TASK DESCRIPTION: Everything in the listing should be restated word for word.

DATA:

====================

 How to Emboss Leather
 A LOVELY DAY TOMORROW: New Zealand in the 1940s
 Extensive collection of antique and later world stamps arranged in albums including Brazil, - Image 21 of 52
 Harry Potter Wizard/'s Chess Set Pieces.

====================

RESULT OF THE TASK:
 How to Emboss Leather
 A LOVELY DAY TOMORROW: New Zealand in the 1940s
 Extensive collection of antique and later world stamps arranged in albums including Brazil, - Image 21 of 52
 Harry Potter Wizard/'s Chess Set Pieces.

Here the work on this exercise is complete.